Media Lab, Massachusetts Institute of Technology, Cambridge, MA, USA.
Department of Economics, University of Exeter Business School, Exeter, UK.
Nat Hum Behav. 2020 Feb;4(2):134-143. doi: 10.1038/s41562-019-0762-8. Epub 2019 Oct 28.
When an automated car harms someone, who is blamed by those who hear about it? Here we asked human participants to consider hypothetical cases in which a pedestrian was killed by a car operated under shared control of a primary and a secondary driver and to indicate how blame should be allocated. We find that when only one driver makes an error, that driver is blamed more regardless of whether that driver is a machine or a human. However, when both drivers make errors in cases of human-machine shared-control vehicles, the blame attributed to the machine is reduced. This finding portends a public under-reaction to the malfunctioning artificial intelligence components of automated cars and therefore has a direct policy implication: allowing the de facto standards for shared-control vehicles to be established in courts by the jury system could fail to properly regulate the safety of those vehicles; instead, a top-down scheme (through federal laws) may be called for.
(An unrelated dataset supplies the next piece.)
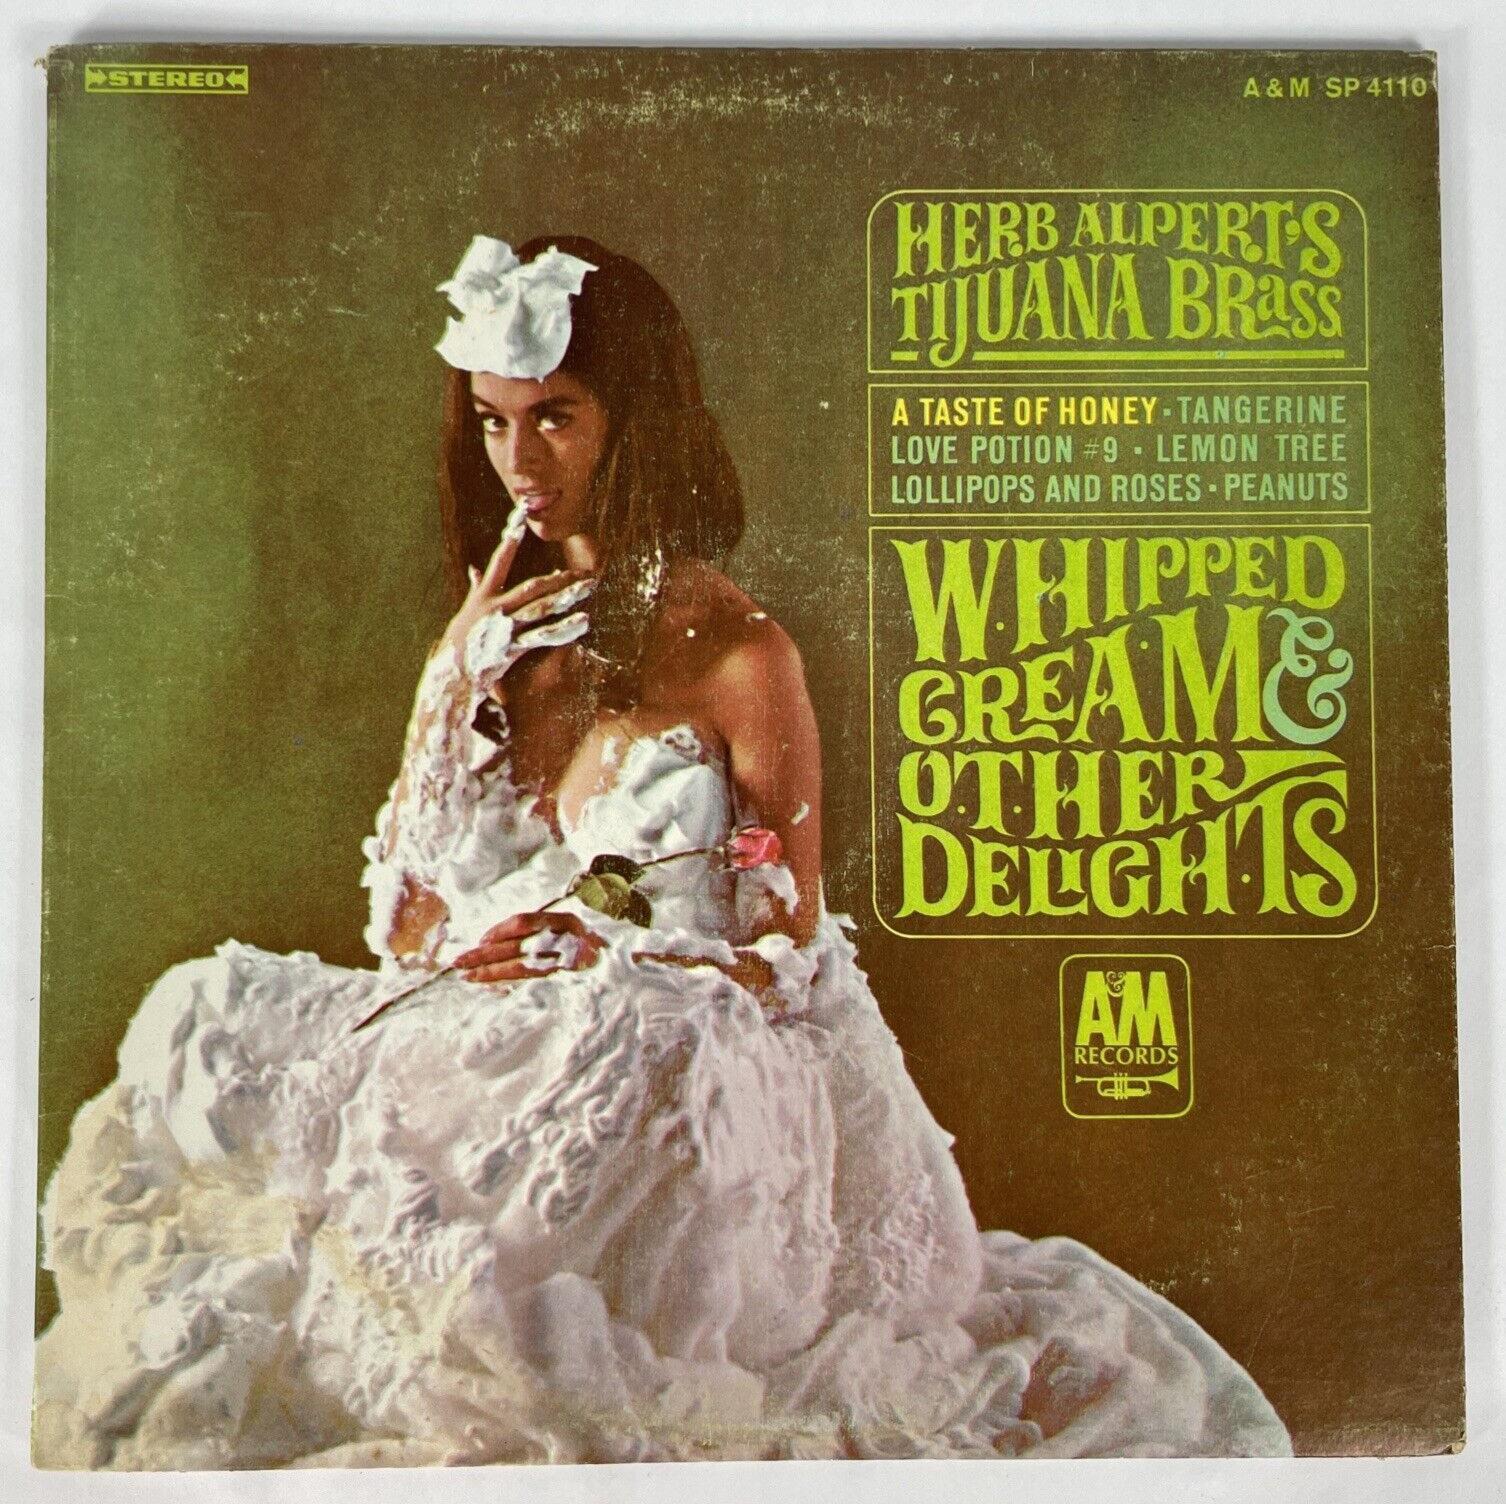 VTG: 1965 Herb Alperts Tijuana Brass Whipped Cream & Other Delights Vinyl Record

当自动驾驶汽车致人受伤时,人们会指责谁?我们在这里请人类参与者考虑这样一种假设情况:一名行人被一辆由主驾驶员和副驾驶员共同操控的汽车撞死,并表明应如何分配责任。我们发现,当只有一名驾驶员犯错时,无论该驾驶员是机器还是人类,该驾驶员都会受到更多的指责。但是,在人机共享控制车辆的情况下,如果两名驾驶员都犯了错误,则归咎于机器的责任会减轻。这一发现预示着公众对自动驾驶汽车中人工智能组件故障的反应不足,因此具有直接的政策意义:允许陪审团制度在法院中为共享控制车辆制定事实上的标准,可能无法正确监管这些车辆的安全;相反,可能需要采取自上而下的方案(通过联邦法律)。